# Hi from the Pacific Northwest



## Omnivore (Jul 11, 2019)

Hey all

I've been lurking on here for a while. Last year I randomly bought a Masterbuilt electric bullet smoker on markdown for $30. Additionally, I added a generic pellet tube and a thermometer. I already have plenty of spendy hobbies so I've been making myself figure out this smoking business on a shoestring budget to see if I like it enough to invest more later. I regularly make smoked salmon, tri-tip, and chicken wings. Just lately been figuring out ribs and pulled pork.

This site has been a huge help and I really appreciate all the knowledge that people take time to share.


----------



## smokerjim (Jul 11, 2019)

welcome to smf, lots of great people with loads of information, as you already found out you don't need expensive equipment to make great food,


----------



## gmc2003 (Jul 11, 2019)

Welcome to the site, happy to have ya join the fun.

Chris


----------



## 6GRILLZNTN (Jul 11, 2019)

Welcome from Middle TN!


----------



## fowldarr (Jul 11, 2019)

welcome


----------



## Braz (Jul 11, 2019)

Welcome. I am so envious of people with easy access to good salmon.


----------



## fowldarr (Jul 11, 2019)

Like this?


----------



## fowldarr (Jul 11, 2019)

Or this?


----------



## 2008RN (Jul 11, 2019)

Welcome from Oregon


----------



## Omnivore (Jul 12, 2019)

Thanks for the welcome everyone! 

Regarding salmon - I live on the Columbia river, can stand in my living room with binoculars and see fish getting caught, but whoa it is still so expensive! For smoked fish I usually stock up on the wild Copper river sockeye from Costco this time of year. Husband and I have done some salmon fishing from the banks but we need friends with boats (far superior to actually owning your own boat )


----------



## Norwester55 (Jul 12, 2019)

Welcome from Independence OR. I grew up on the Columbia (Astoria) and spent a lot of time fishing and smoking salmon and sturgeon.


----------



## Omnivore (Jul 13, 2019)

Norwester55 said:


> Welcome from Independence OR. I grew up on the Columbia (Astoria) and spent a lot of time fishing and smoking salmon and sturgeon.

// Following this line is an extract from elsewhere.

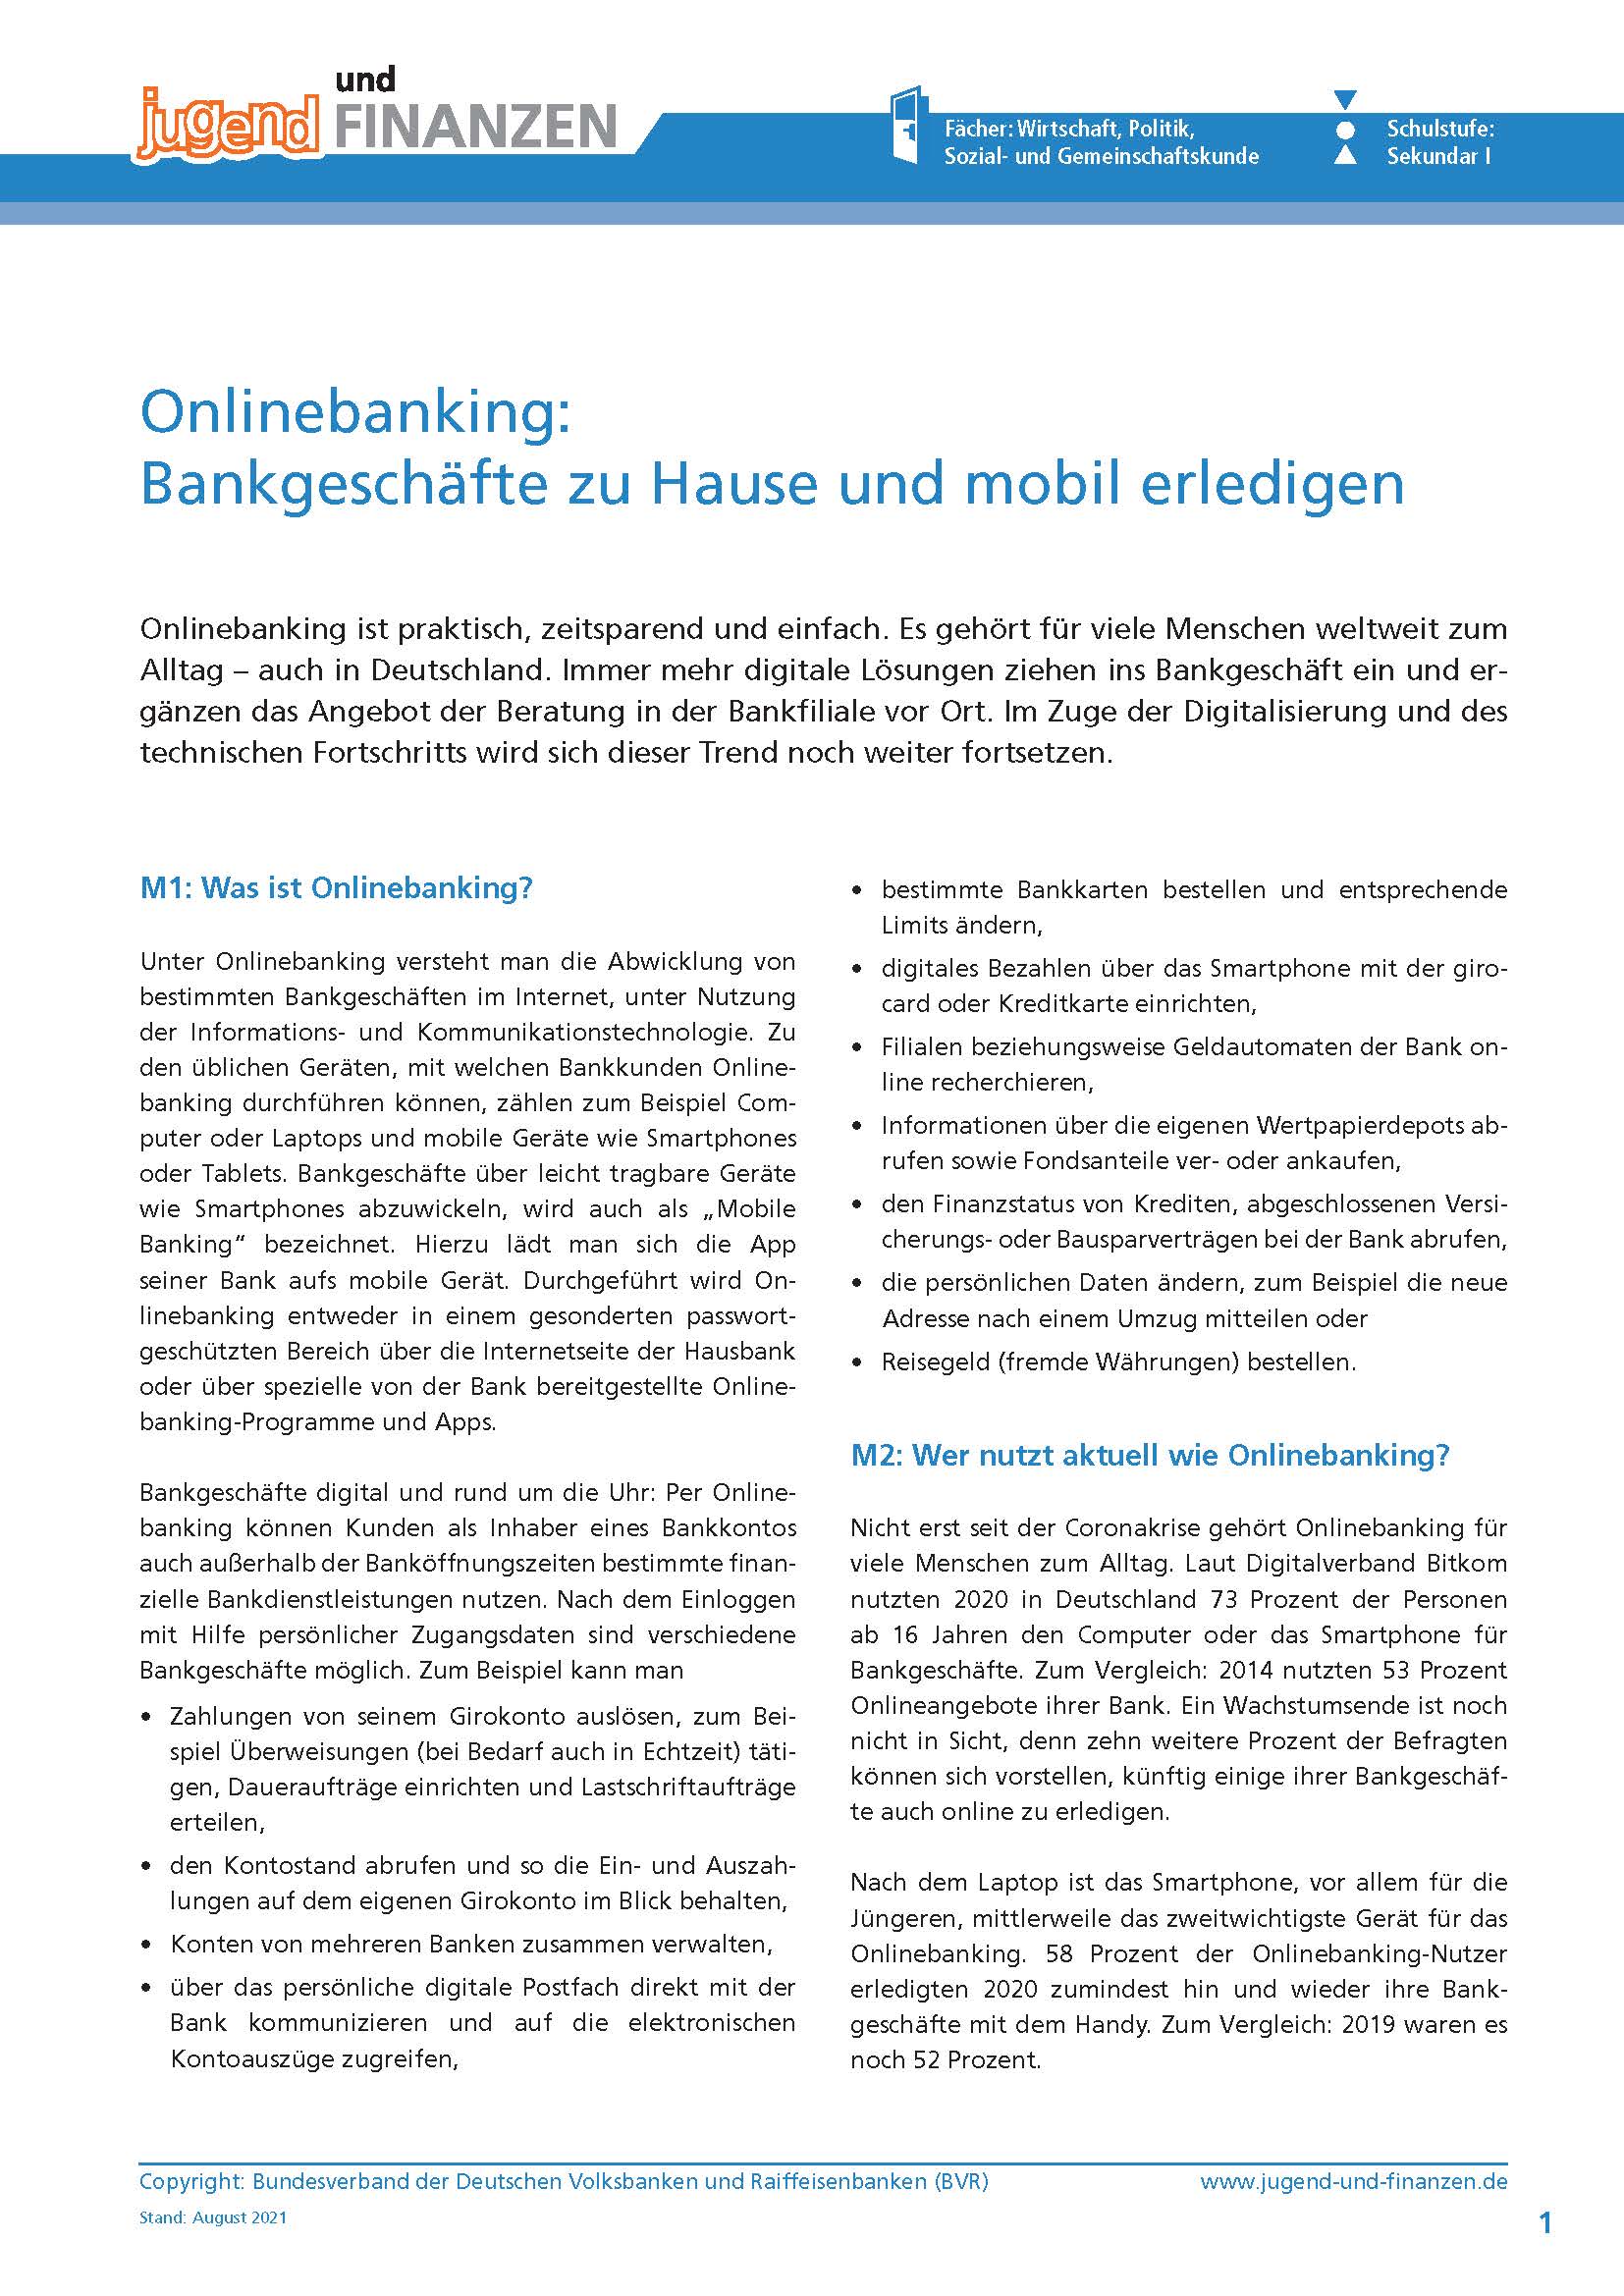 Arbeitsblatt "Onlinebanking: Bankgeschäfte zu Hause und mobil erledigen"

I'm in Astoria. Love it out here! I've only been lucky with razor clams, crabbing off the jetty and surf perch at Fort Steven's. We used to fish for sturgeon off the pier 39 basin but the port closed that area down recently due to safety concerns


----------



## Norwester55 (Jul 13, 2019)

Omnivore said:


> I'm in Astoria. Love it out here! I've only been lucky with razor clams, crabbing off the jetty and surf perch at Fort Steven's. We used to fish for sturgeon off the pier 39 basin but the port closed that area down recently due to safety concerns


Cool! That area is a great place to live! I left in '77 due to lack of work because of the fishing industry dying off. I'd still like to move back. I never did any bank fishing there because back then most of the kids had boats. Kind of like farm kids getting a pickup truck I guess. We used to fish the Divers Chute for salmon and upstream of the bridge on the WA side for sturgeon. Sunset (Neahcoxie) and Coffinbury lake was great for stocked rainbow trout and Cullaby had some huge catfish. I'll get off from "Memory Lane" now. ;)


----------